Nursing Home Falls & Broken Bones Lawyer in Maryland
Falls & Fractures Leave Your Loved One Broken
Nursing homes are required to take precautions to ensure that they are operating a safe facility with minimal fall hazards. If a resident falls, the injury sustained has the potential to significantly impact their everyday lives. If you have a loved one who has recently fallen and broken a bone at a nursing facility, we will carefully review your case to determine if negligence was the cause.
Unexplained Broken Bones, Cuts, & Bruises
Approximately 90% of broken bones suffered by individuals under nursing home care are a direct result of falling. While mostly unavoidable, it’s an unfortunate reality that a number of broken bones, cuts, or bruises can also be a direct result of nursing home abuse or neglect. Due to general forgetfulness, weakness of muscles, and other contributing factors, it’s difficult to determine which injuries are innocent and which came as a direct result of improper care. Broken bones are the most obvious examples of improper care. They will cause the longest-lasting pain and discomfort. Unexplained cuts and bruises should also be noted, questioned, and followed up on if they continue to appear.
It may take both medical and legal experts to analyze the specific situation and determine the root cause of the injuries to your loved one.

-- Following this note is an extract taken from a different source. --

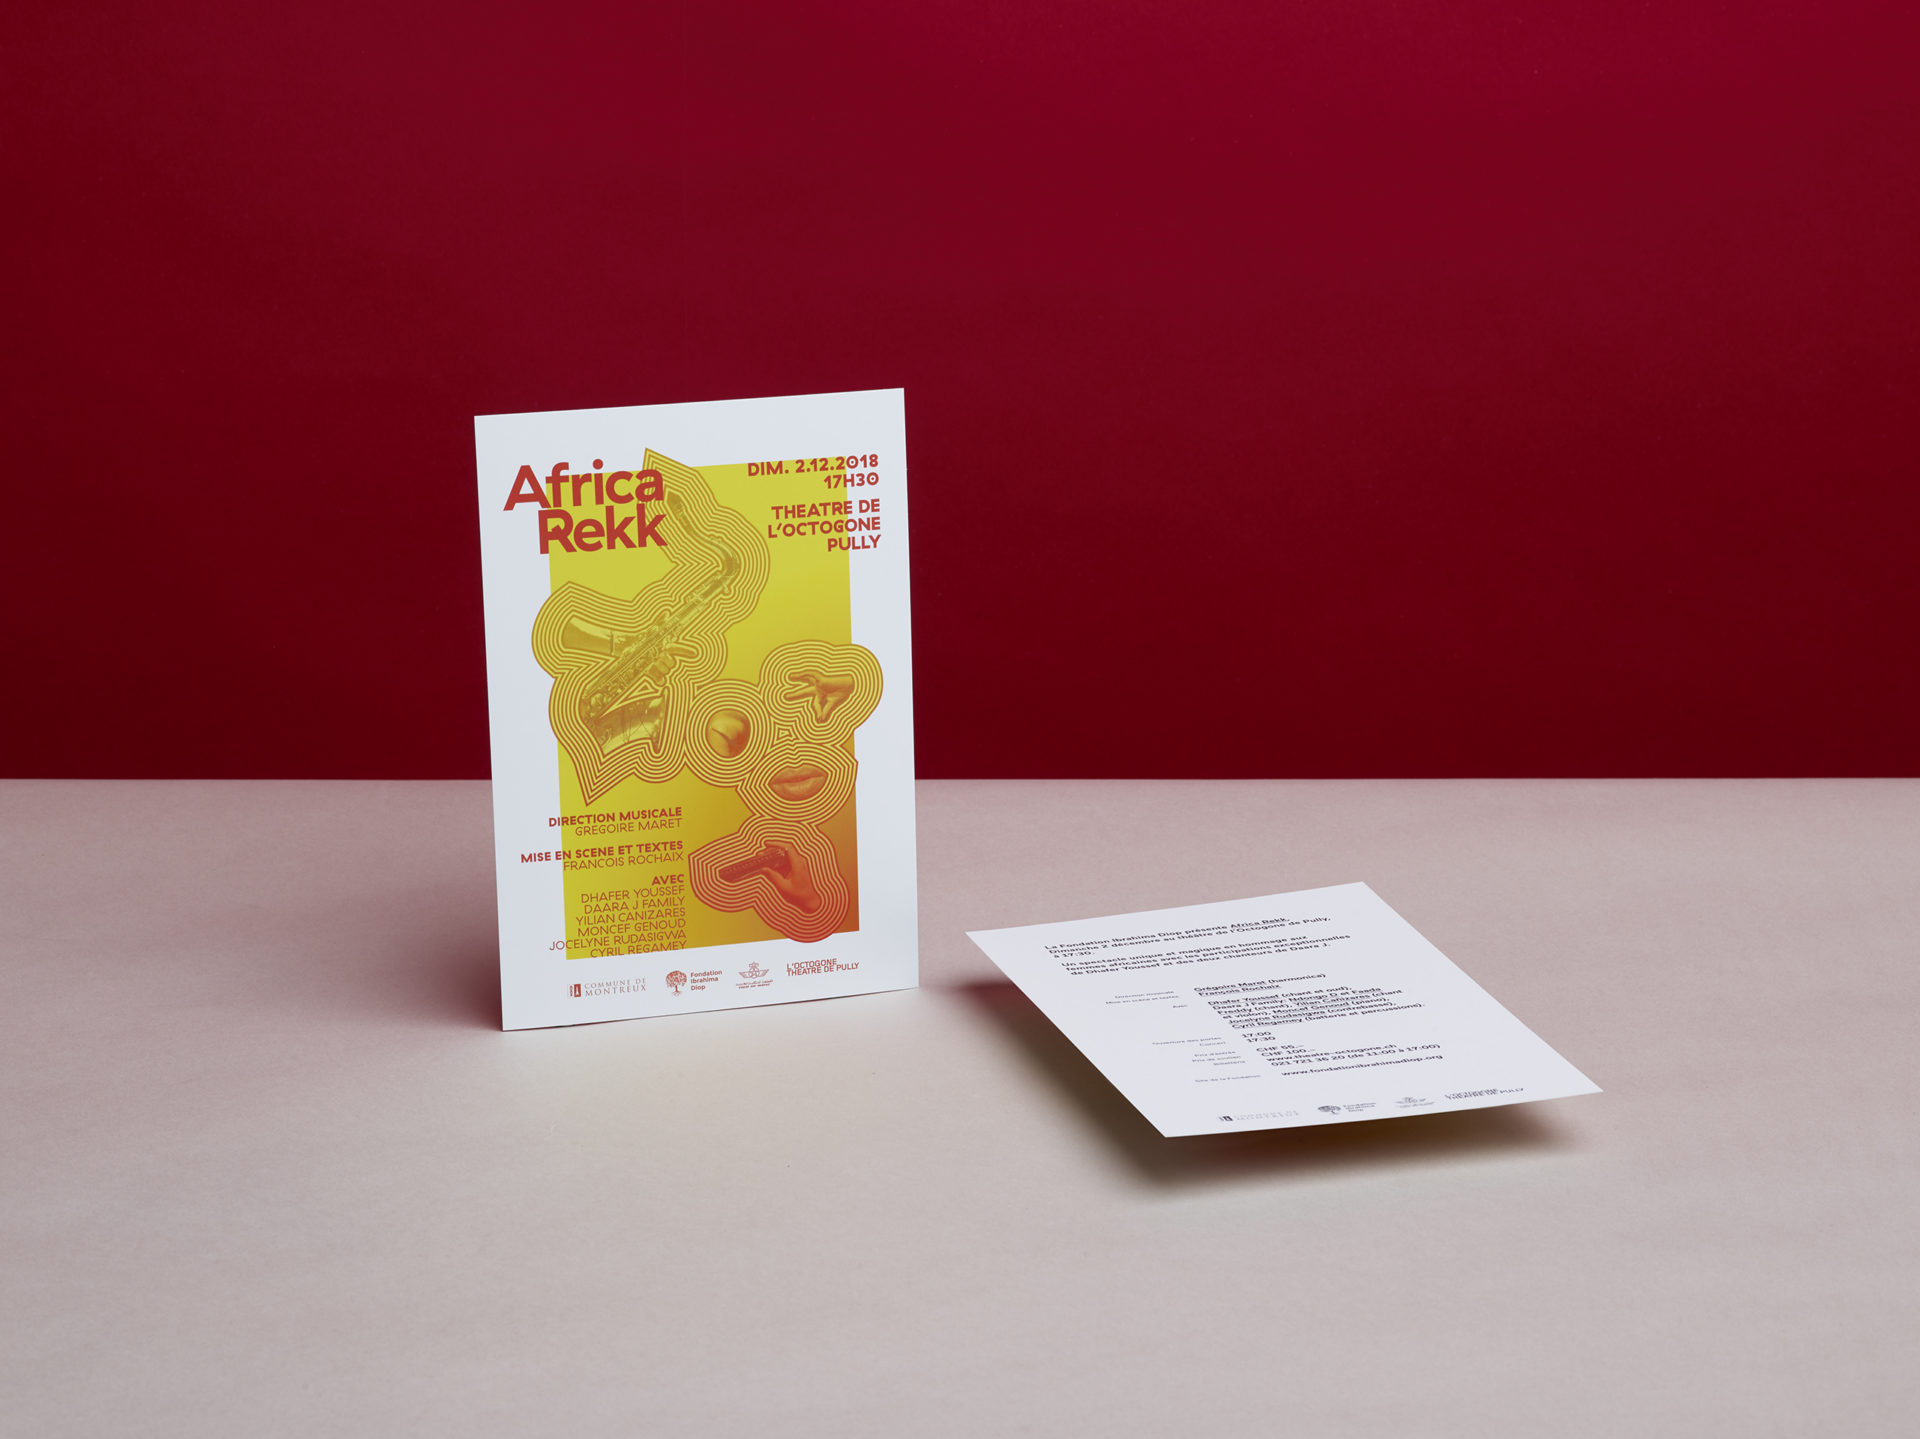 Africa rekk - Avalanche
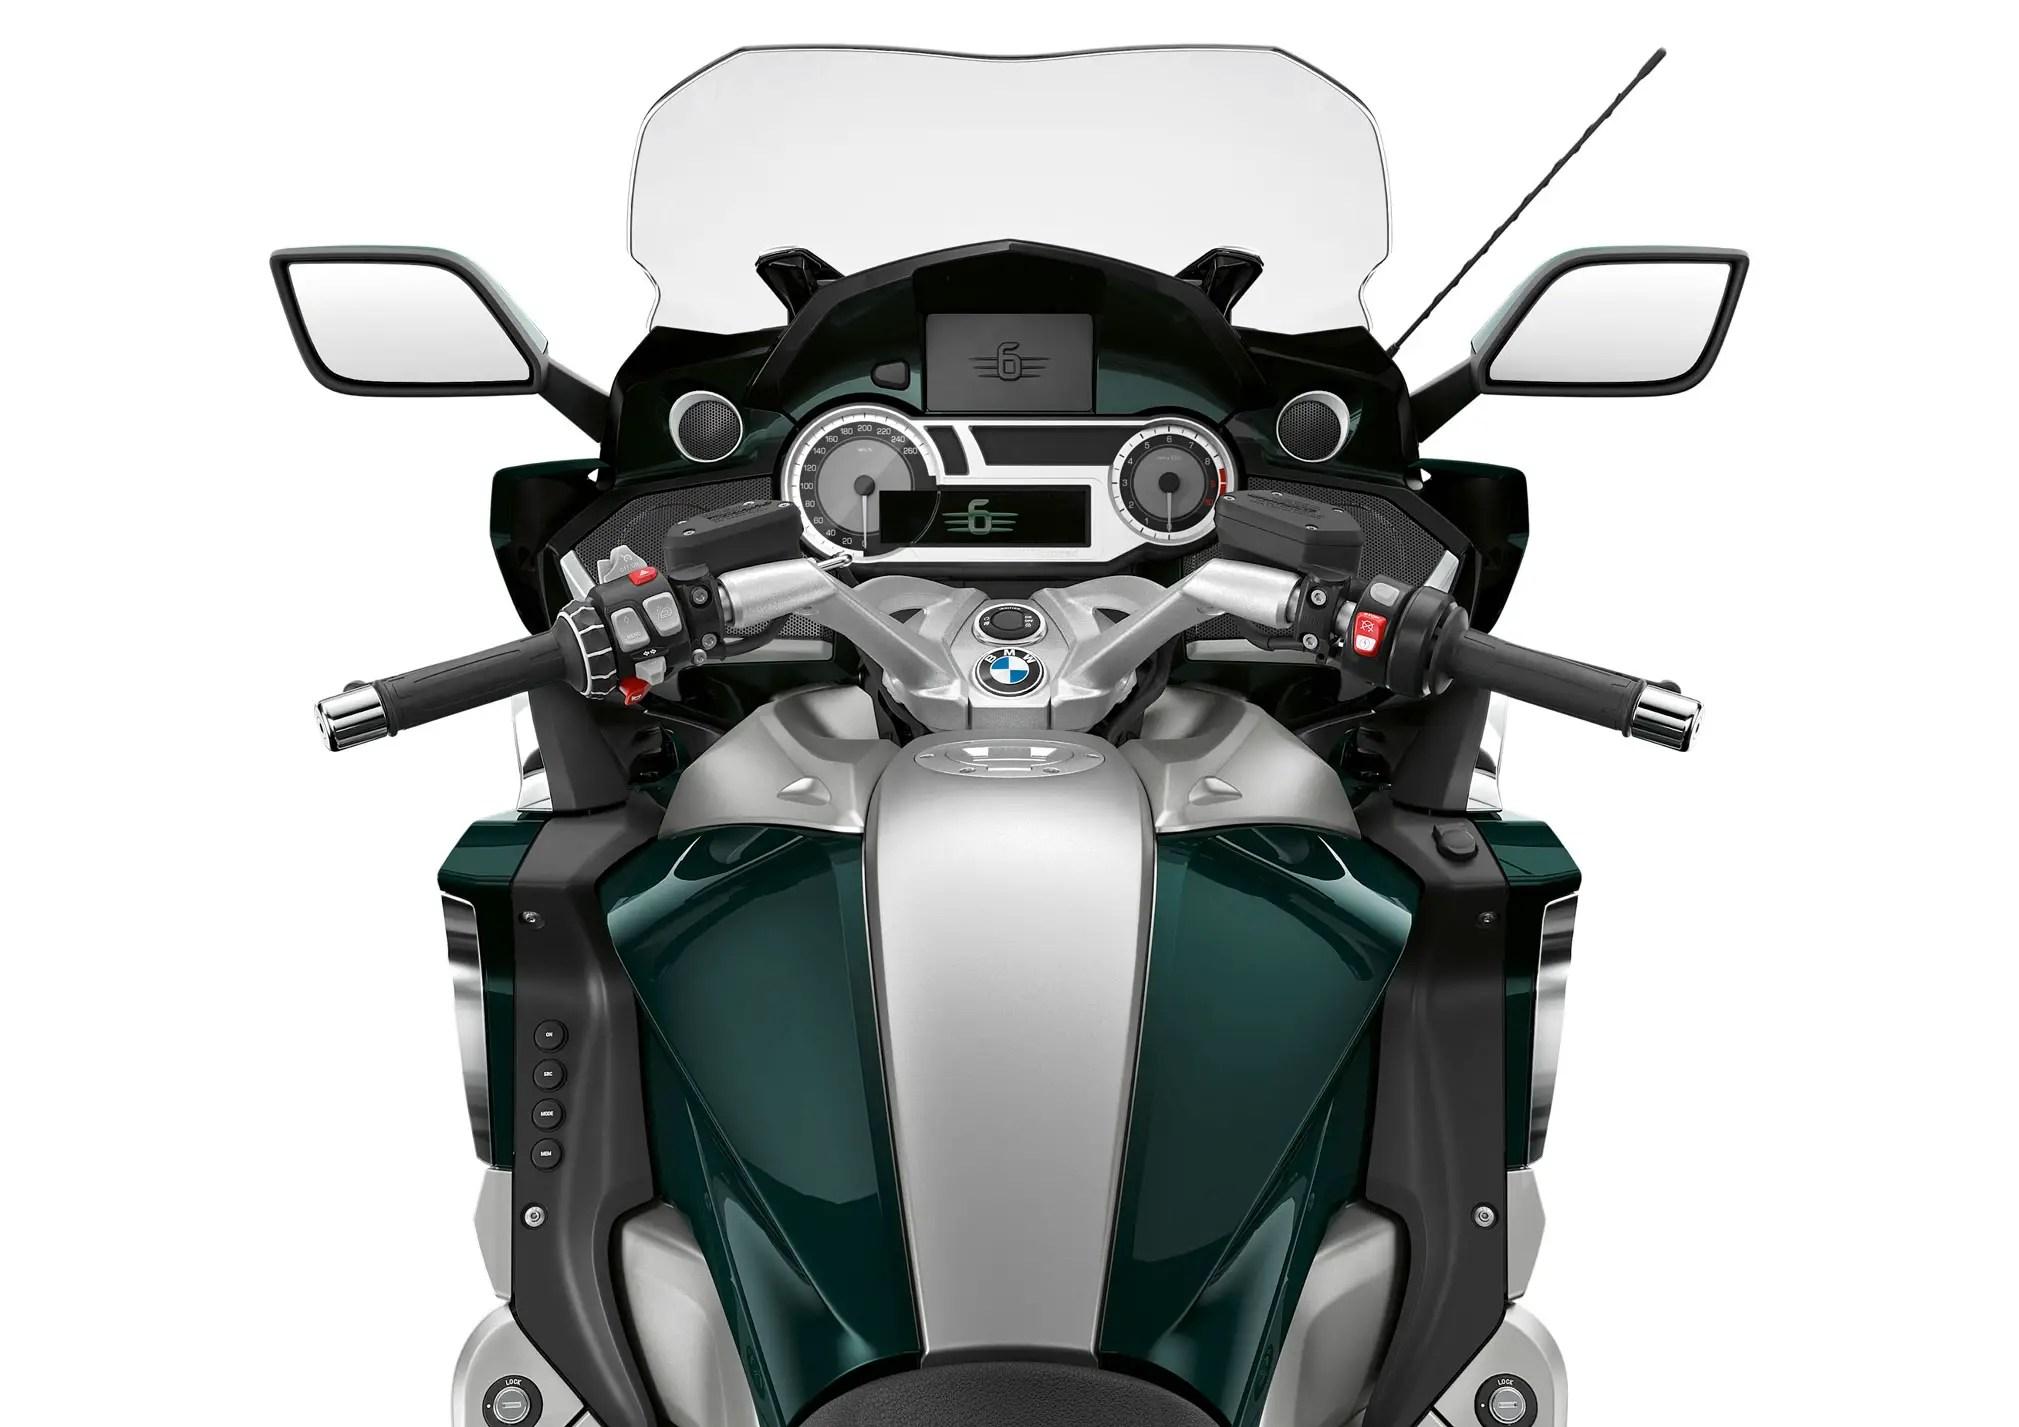 2019 Bmw K1600gtl Guide • Totalmotorcycle

Why Do Nursing Home Falls Happen?
There are several factors that contribute to the number of falls that occur within nursing homes. Most nursing home patients are either elderly, injured, or both. With increasing age, muscle weakness becomes more and more apparent, which can result in a fall. Injuries that affect the walking or gait of a resident can also be contributing factors to falls. Regarding injuries, ensuing medications and dosages could also play a role in whether a fall occurs.
Hubris (excessive self-confidence) can also result in falls if a resident is attempting to move from one place to another under their own power when they should only be doing so under close supervision or with the assistance of the nursing facility staff.
Improper elder foot care or using shoes that do not properly fit can directly result in a resident falling and potentially injuring themselves. A more avoidable cause of falls is the environment of the nursing home facility, including poor lighting, wet floors, improper bed height, or inadequate wheelchair size.
How Can Falls Be Prevented in Nursing Homes?
Preventing falls in a nursing home occurs, in part, on a management level. One method of preventing falls is educating both residents and staff on how to avoid hazardous situations in the nursing facility. Increasing exercise for residents would directly address one of the main contributing factors of falls—muscle weakness. Staff should be reviewing the resident’s records when giving medications to determine if there are fall risks. Continual education of staff members about falls, risk factors, and prevention efforts can dramatically decrease the rate of falls and improve the overall health of residents of a facility.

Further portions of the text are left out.